Have you heard the term “eco-anxiety”? You can probably intuit the meaning even if you haven’t. To me, it’s a creeping feeling accompanying “environmental awareness”. YES, I am aware of the benefits of recycling so I push the bin to the corner AND I worry, “what else should I do..? is this enough?”
As a kid I watched classmates leave their homes as underground coal mine fires spread through the neighboring town of Centralia, PA. Fear of ground collapse is a very real threat (in fact it happened) and no amount of meditation or prayer changes the fact. Decades of political strife dragged on about whose responsibility it was to pay for the fire to be extinguished while it raged and undermined the town. Poisonous gasses infiltrated homes from below and families lost sleep— if they were lucky enough to have carbon monoxide alarms. Now Centralia is abandoned and sensationalized as a ghost town.

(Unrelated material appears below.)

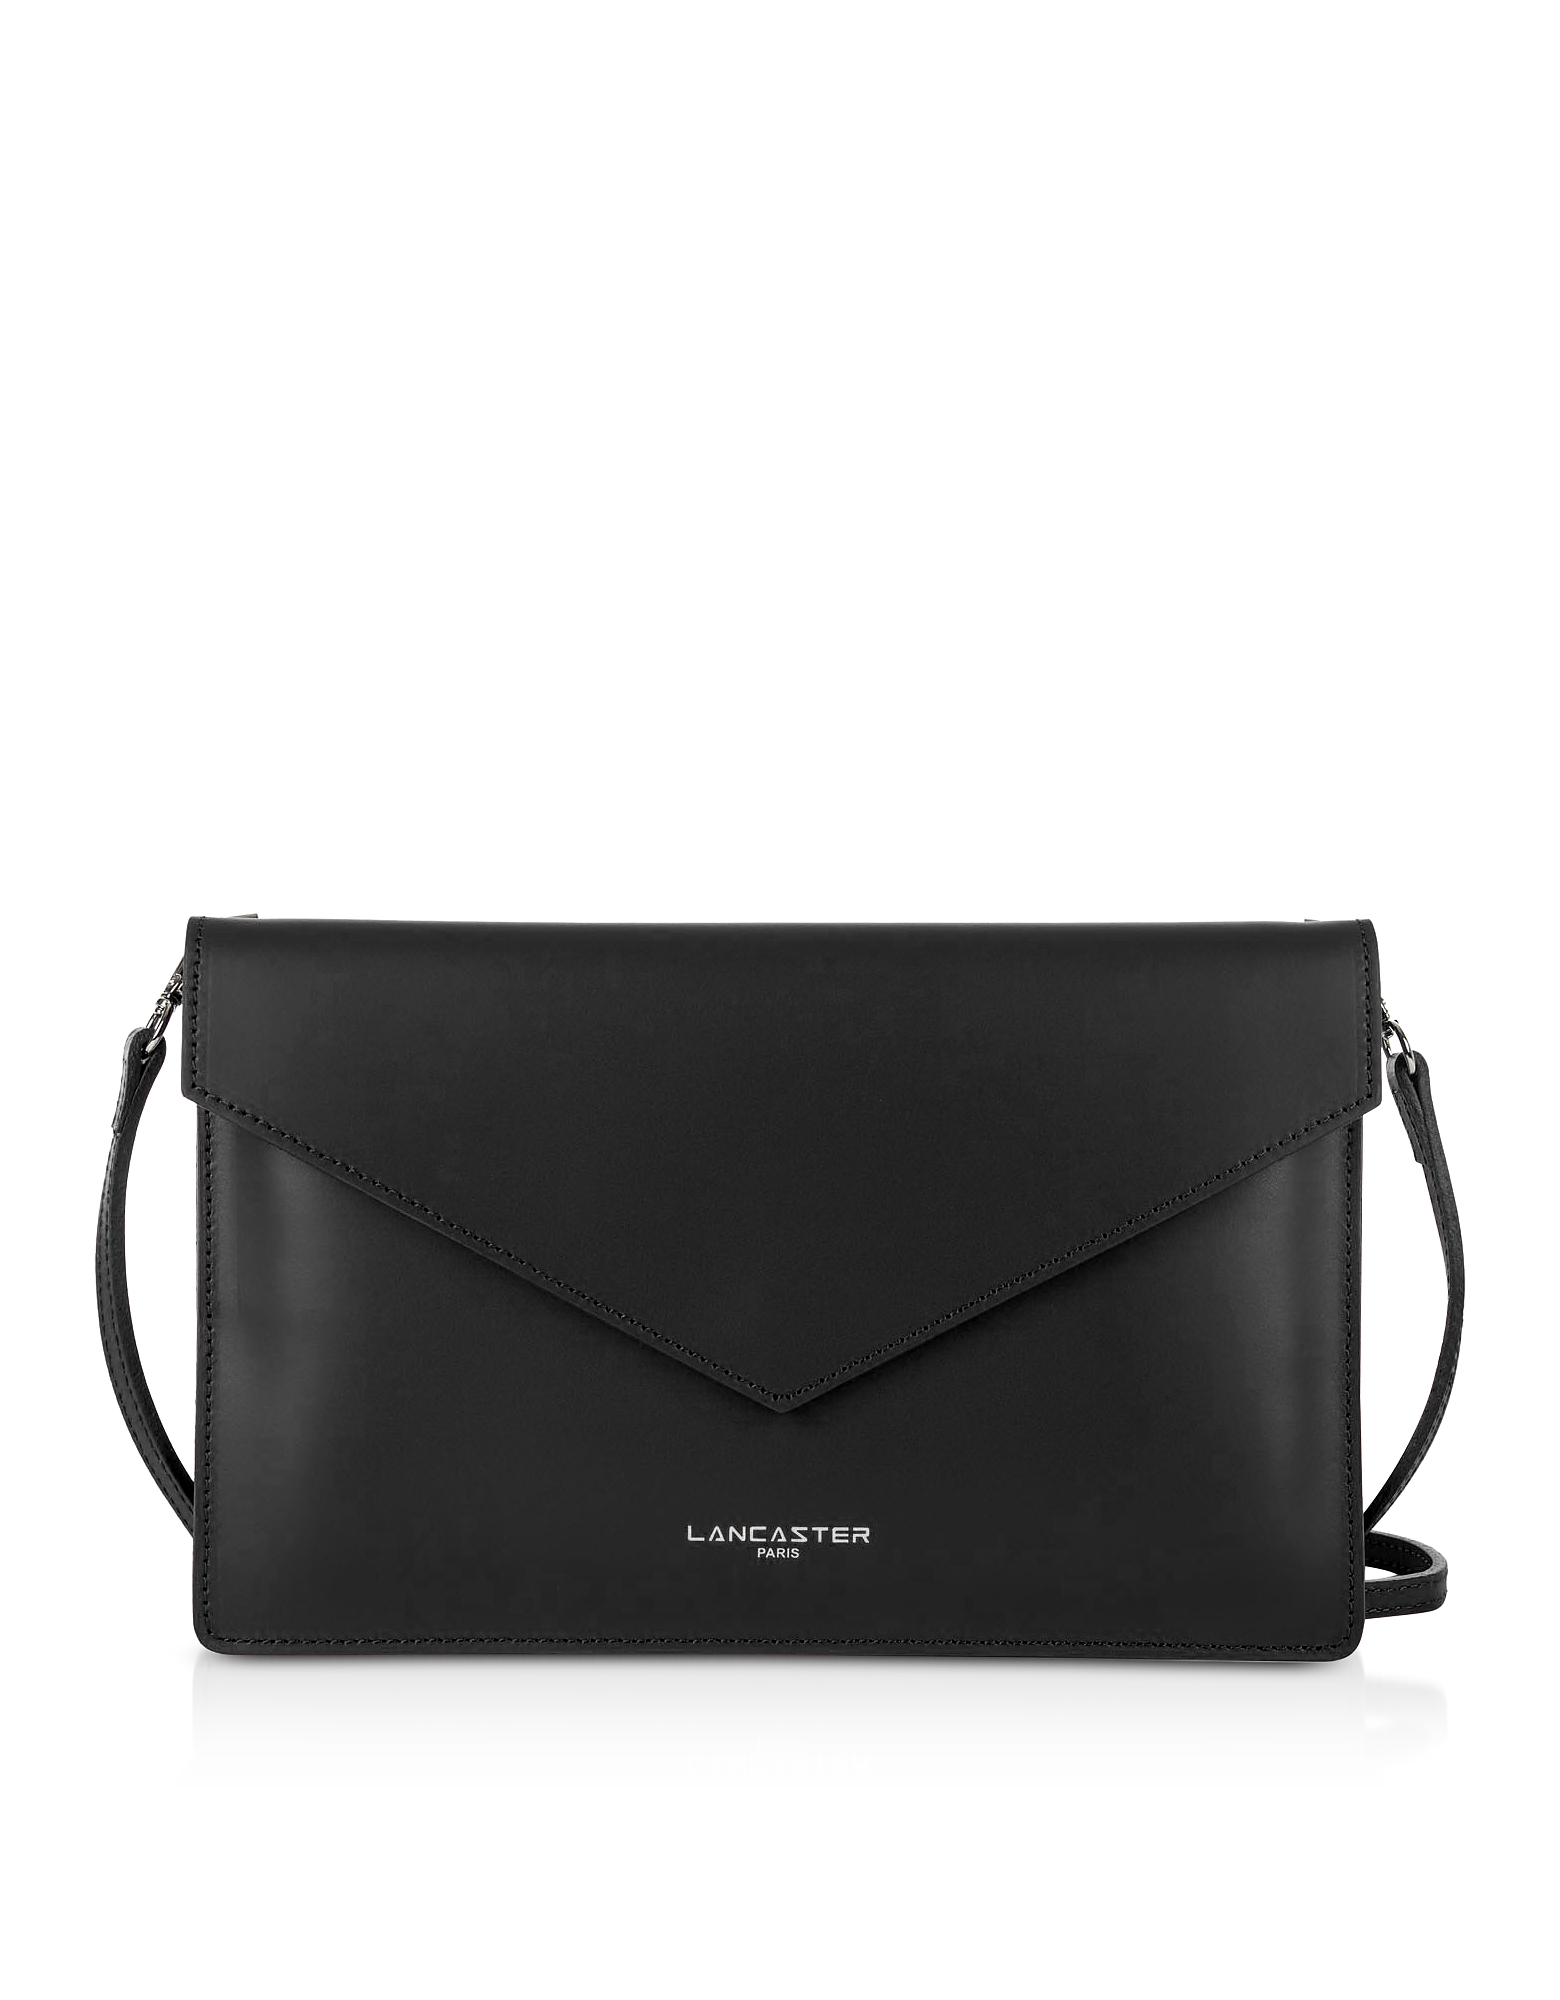 Lancaster Paris Designer Handbags, Pur & Elements Smooth Air 8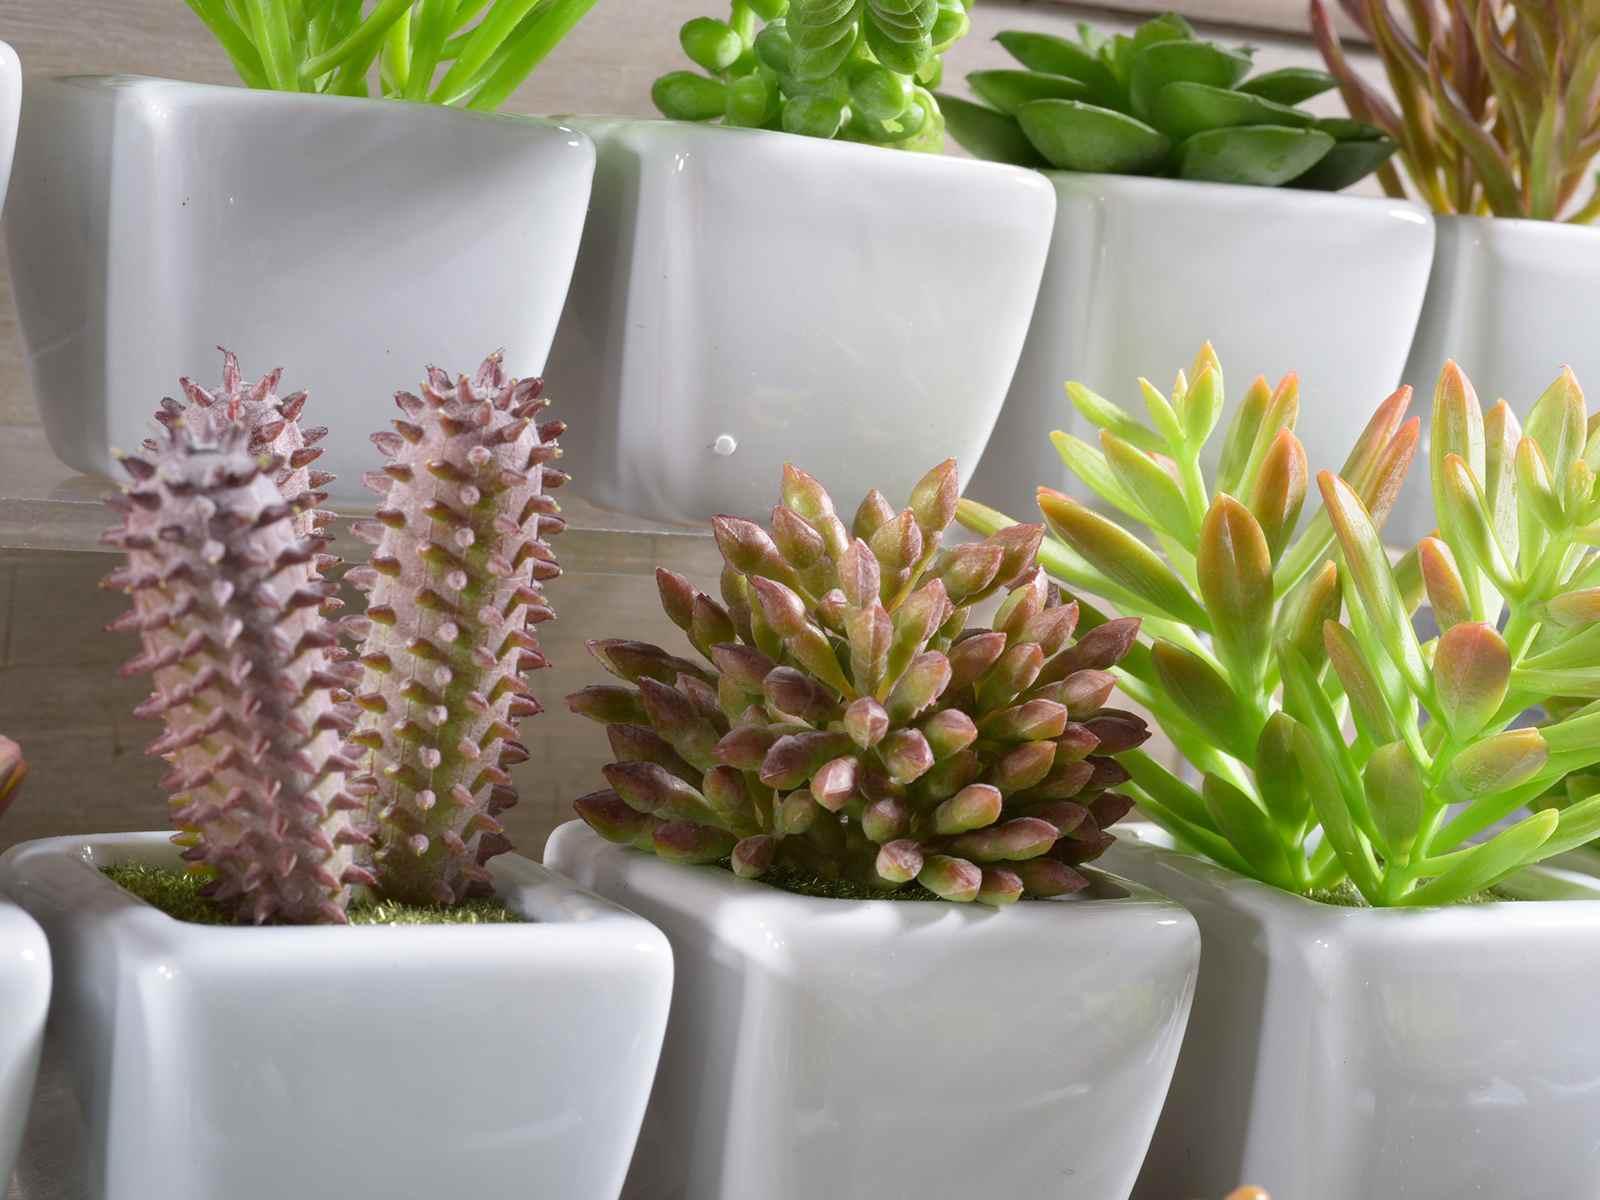 Afi eaz plante decorative suculente n ghiveci Plante decorative

Serious cases of eco-anxiety may cause obsessive focus on dystopian scenarios draining our physical energy leading to depression. This state of “dis-ease” is becoming more common as we hear stories from around the world about dangerous changes that threaten all living things. Scientific American recently reported that even medical professionals are at a loss :
“The American Psychiatric Association (APA) recognizes climate change as a growing threat to mental health, but many mental health professionals feel unequipped to handle the growing number of people anxious and grieving over the state of the planet.”Scientific American, April 19, 2021
Therapists Are Reckoning with Eco-anxiety
Although the social media algorithms and the 24 hour news cycle attempts to hold us hostage to bad news, there are reasons for hope. Icon and primatologist-turned- environmental-activist, Dr. Jane Goodall says:
“I do have reasons for hope: our clever brains, the resilience of nature, the indomitable human spirit, and above all, the commitment of young people when they’re empowered to take action.”Jane Goodall, The Book of Hope: A Survival Guide for Trying Times
Visit the “Good For All News” page at JaneGoodall.org to learn about real change makers, or if you prefer a podcast tune in to her HOPECAST. My favorite podcast is “Climate of Change” hosted by Danny Kennedy and the actress Cate Blanchett. It’s entertaining and substantially informative. Best of all it’s a reminding you that we can–and are–solving problems. People of every generation are participating and finding new ways to adapt. It’s what all living things do and will keep doing.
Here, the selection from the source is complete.